### Supplied material
===
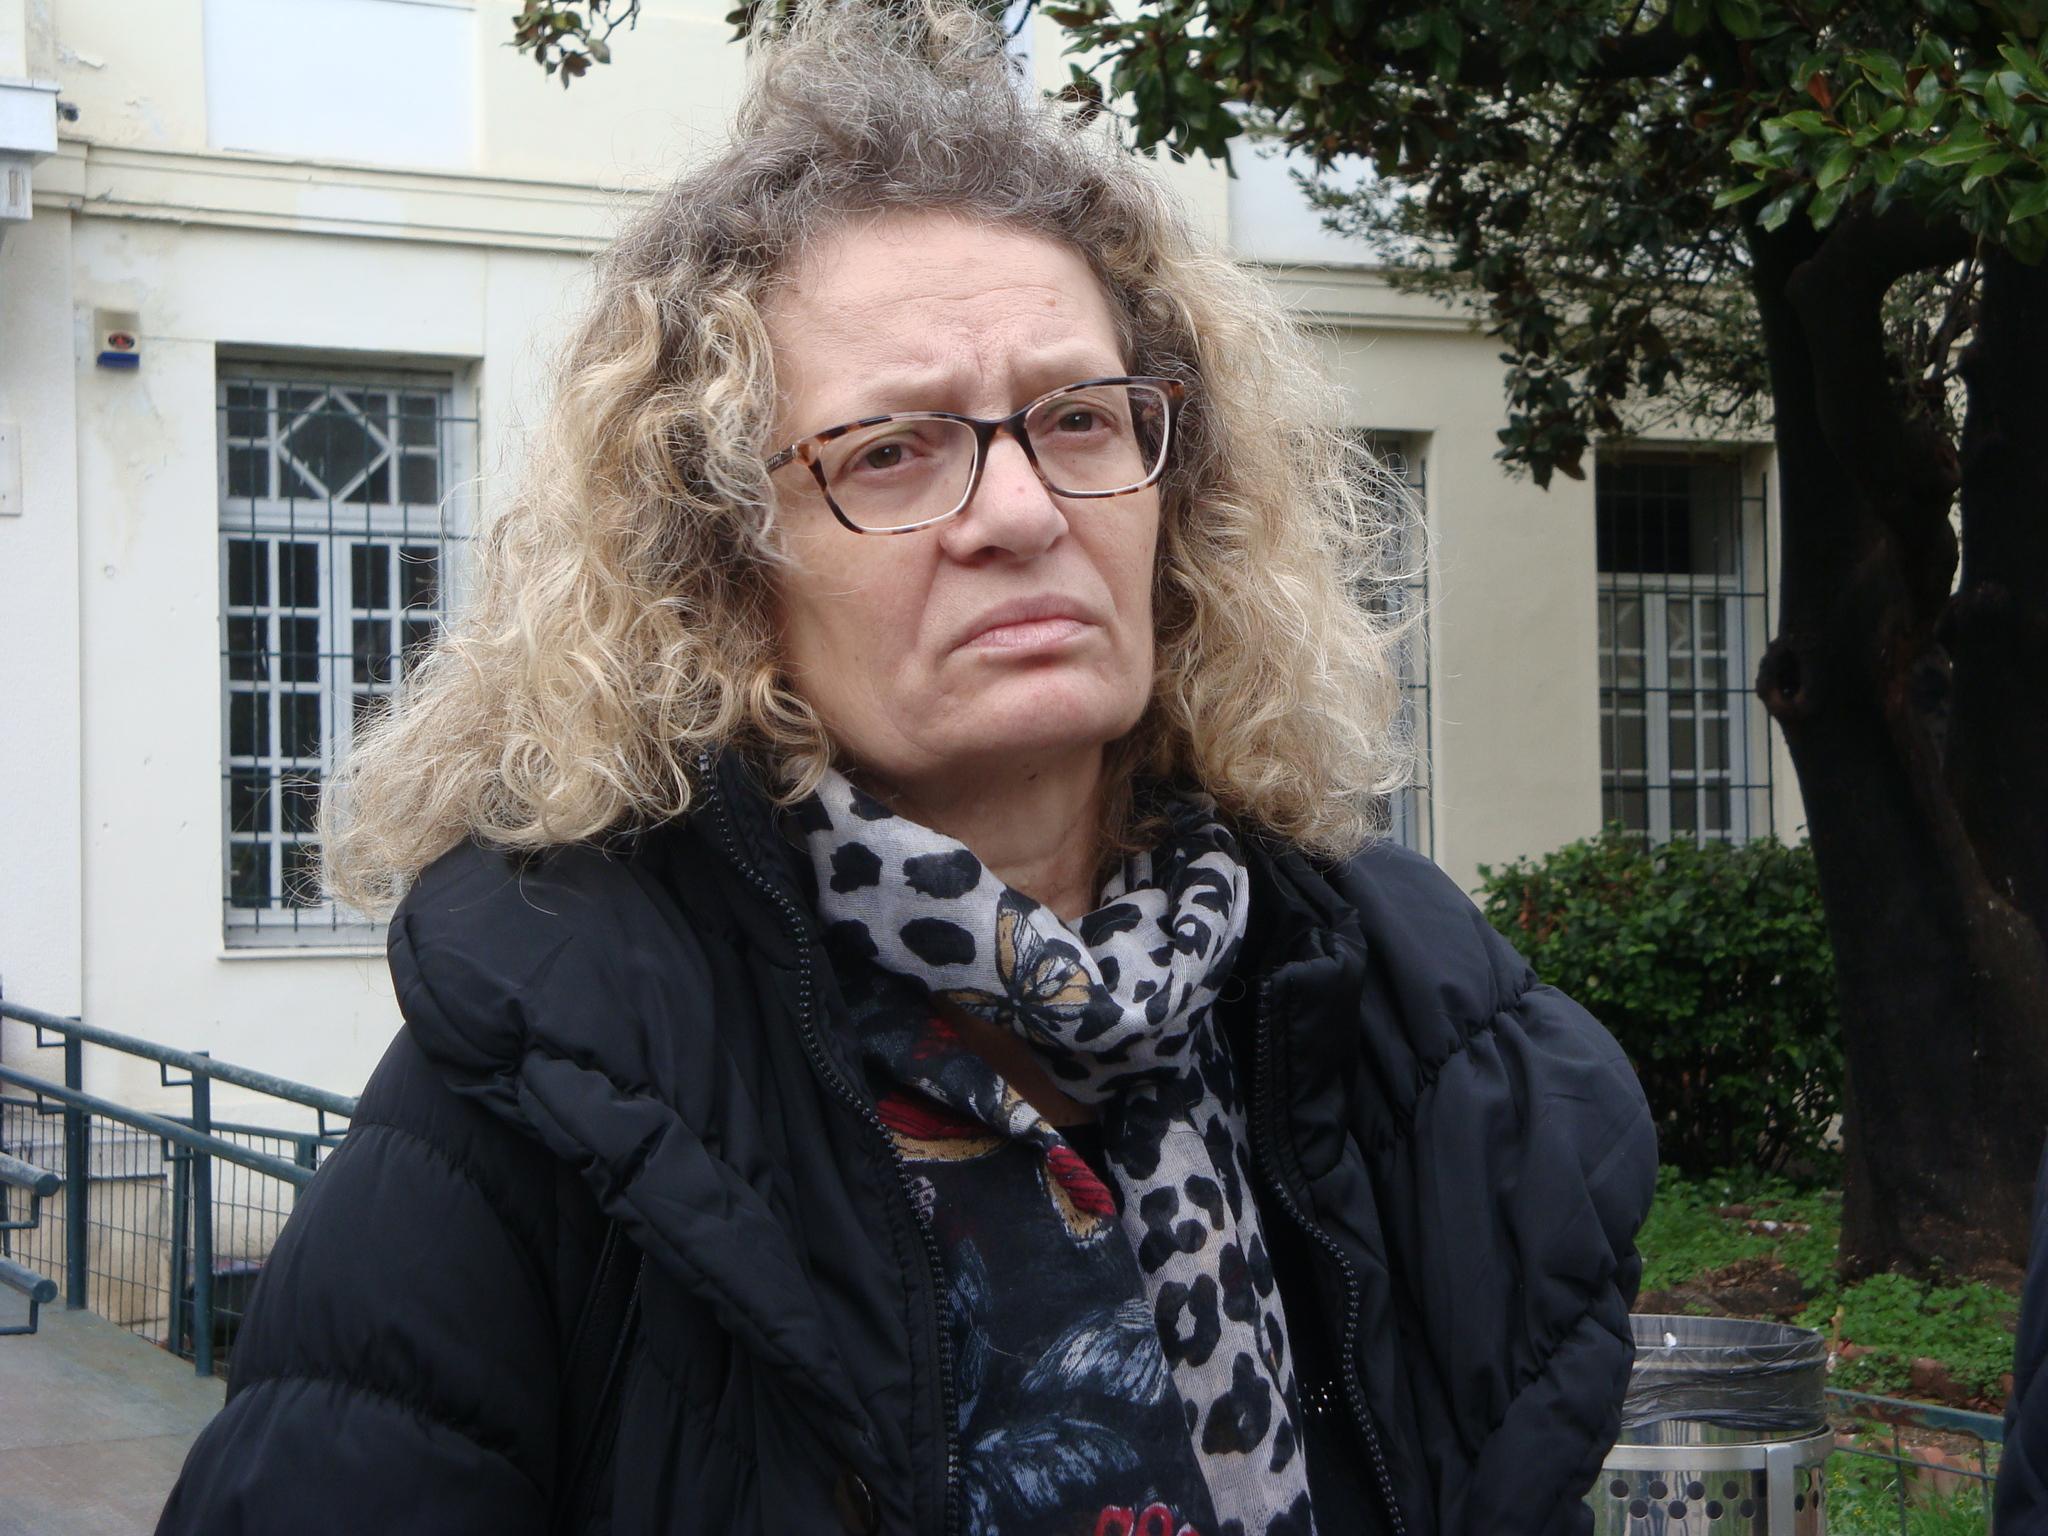 """Θεσσαλονίκη: Η μάνα που ραγίζει καρδιές! """"Εύχομαι να μην βρεθεί καμία γυναίκα στη δική μου θέση""""!"""
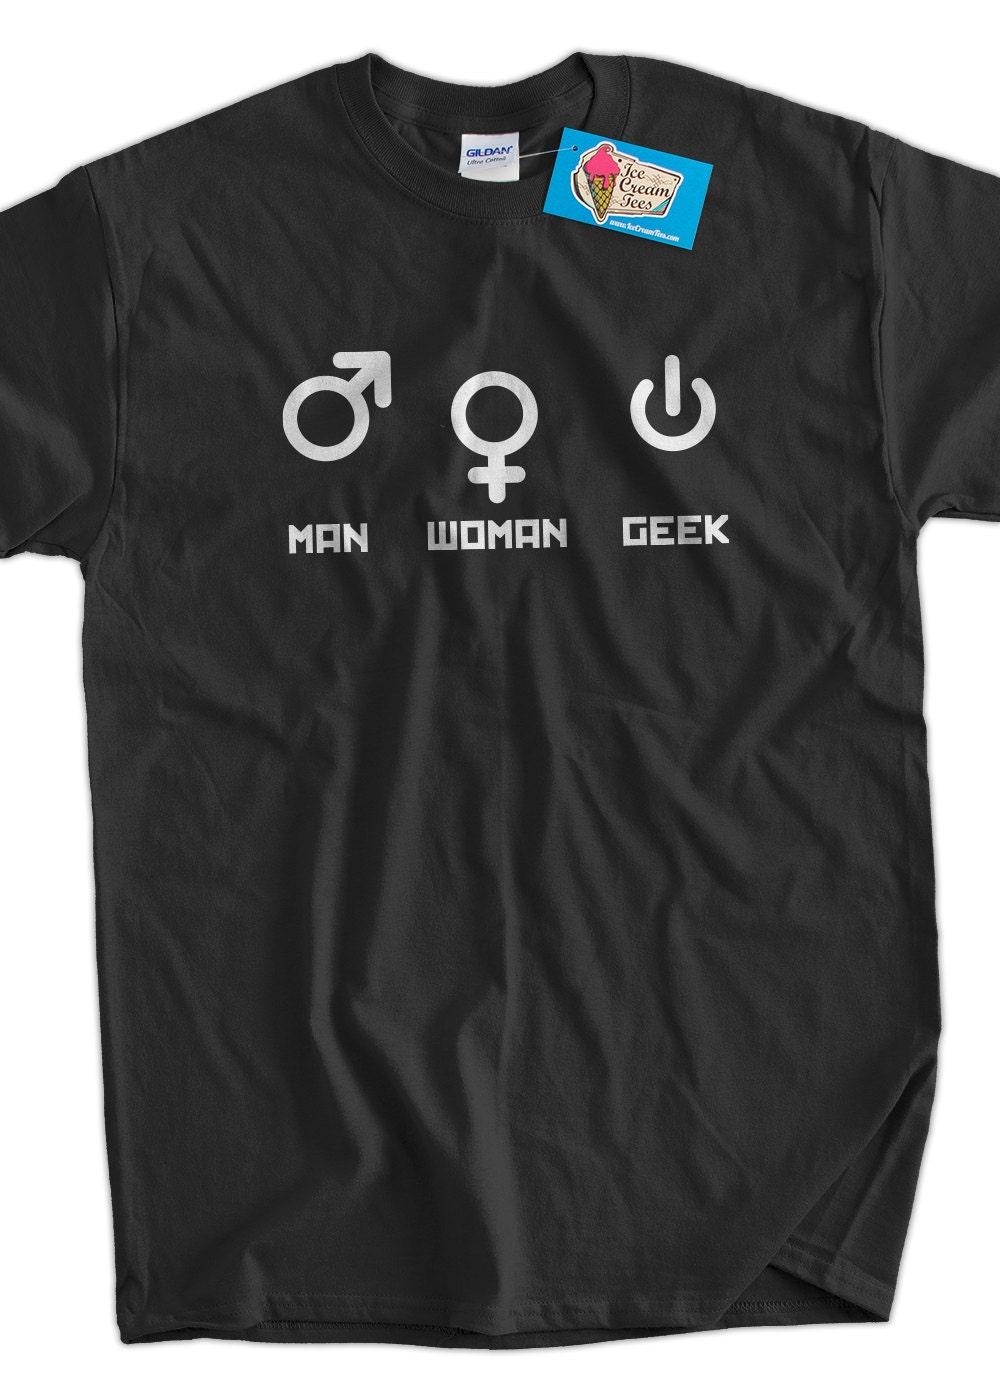 computer geek t shirt funny nerd man woman geek t shirt gifts. Black Bedroom Furniture Sets. Home Design Ideas
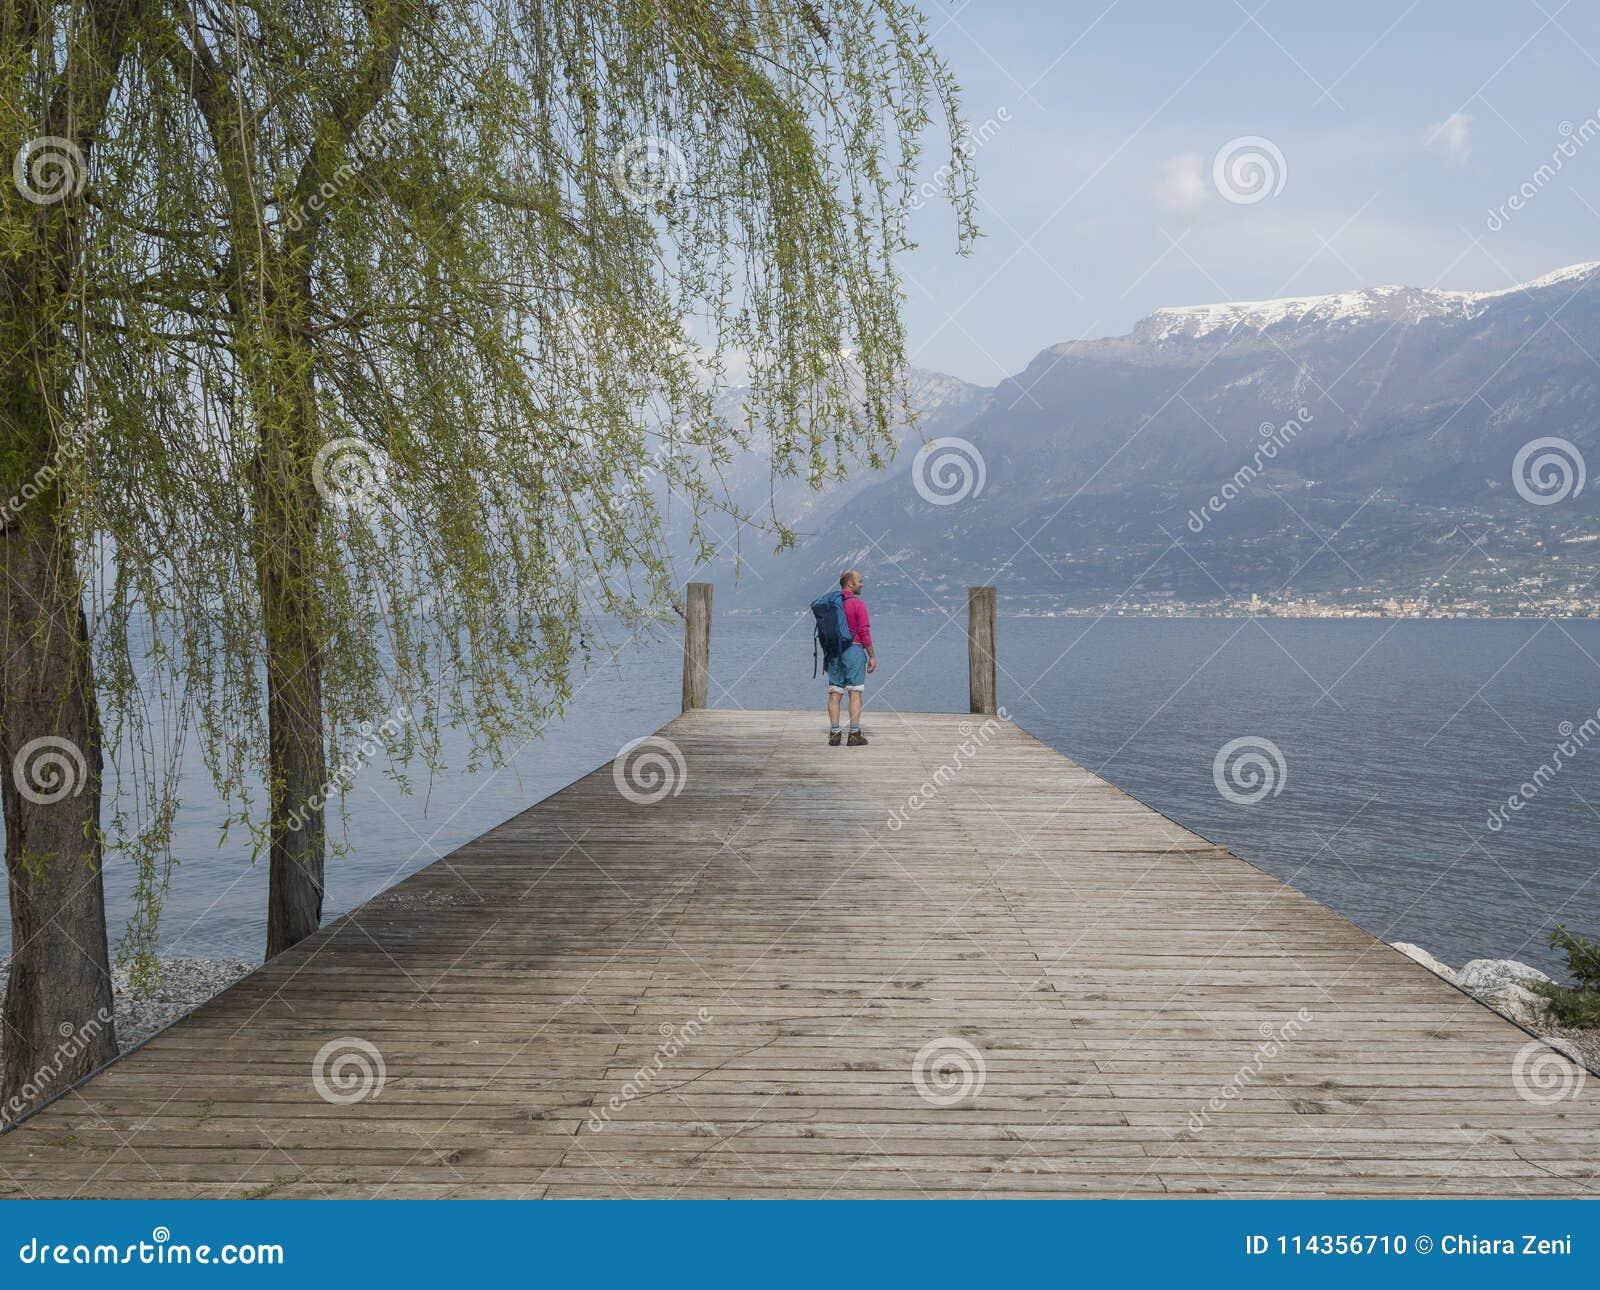 Trekking on garda lake
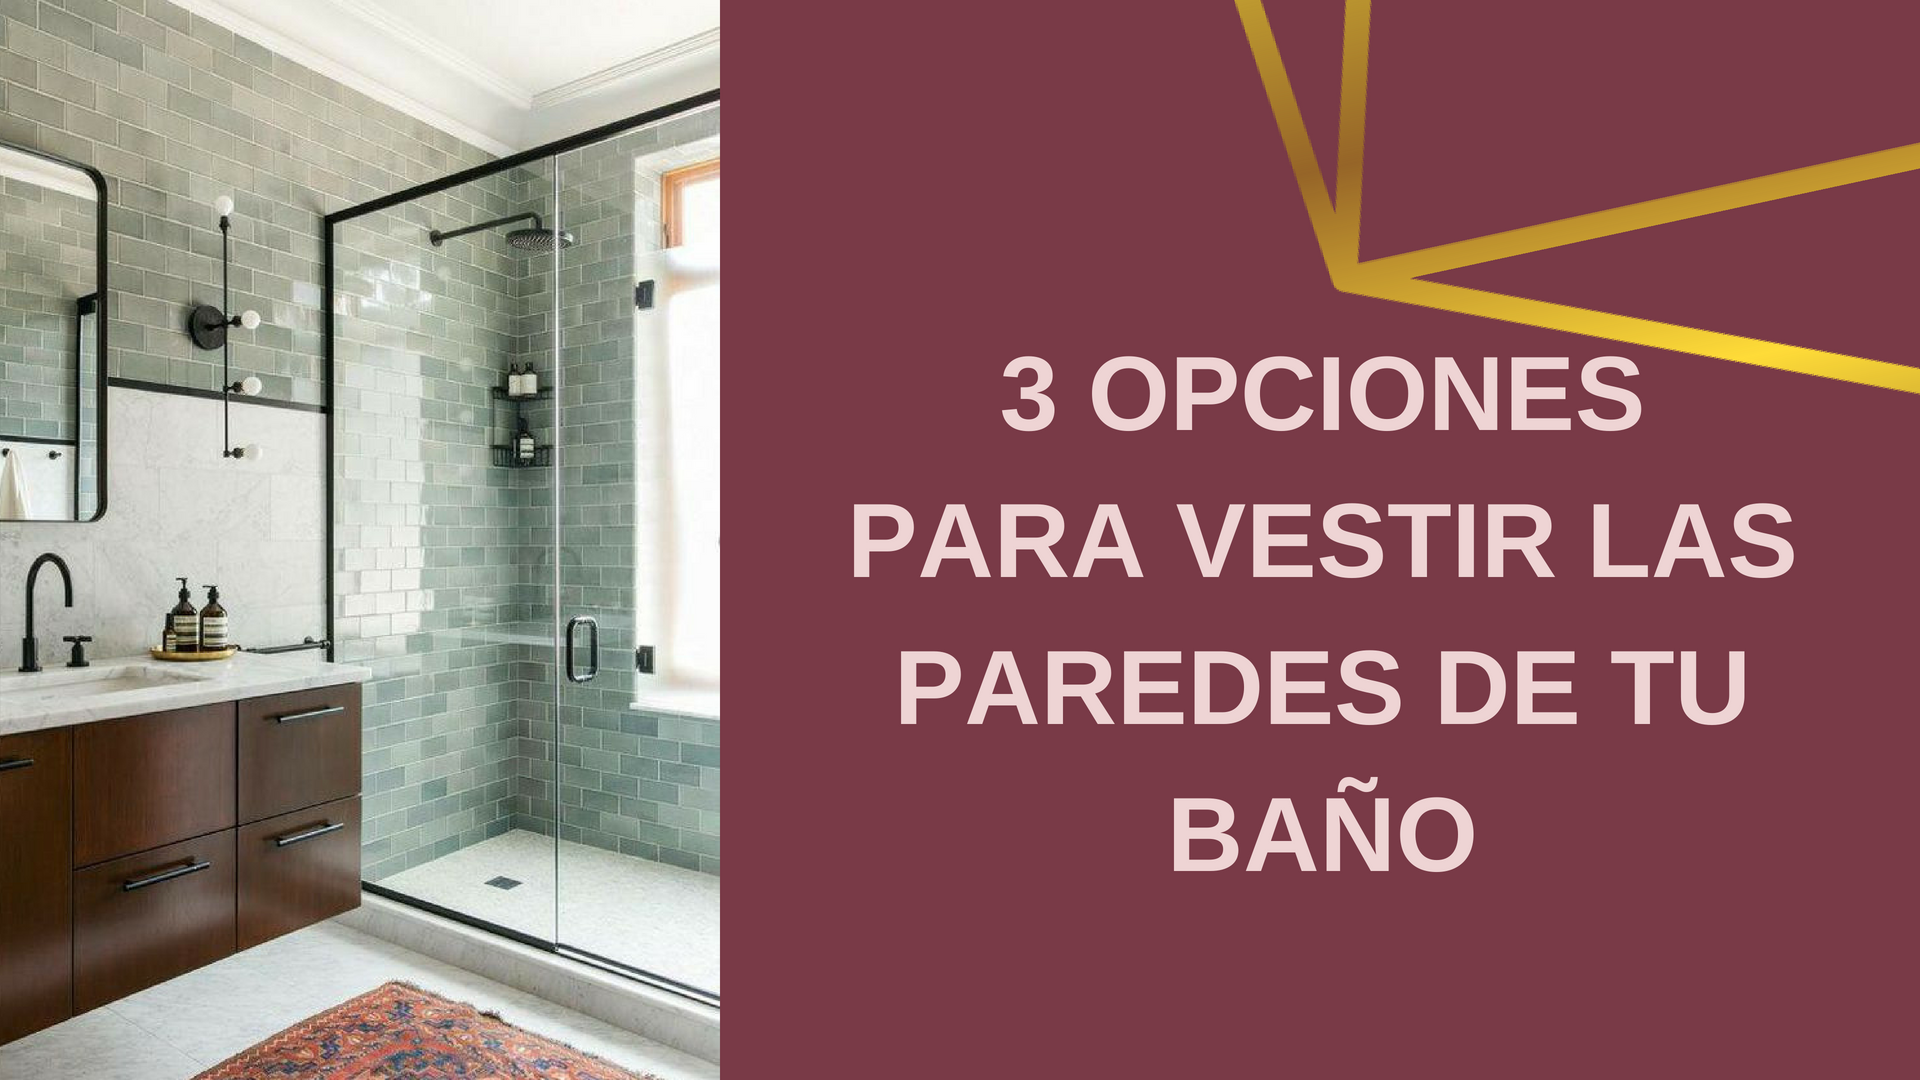 3 opciones para vestir las paredes de tu baño
===
### Work to be completed
Your copy must start at the line that holds "Trekking on garda lake" and end at the last line of the data, both included; it must contain no pictures.

### Result for this exercise
 Trekking on garda lake
 3 opciones para vestir las paredes de tu baño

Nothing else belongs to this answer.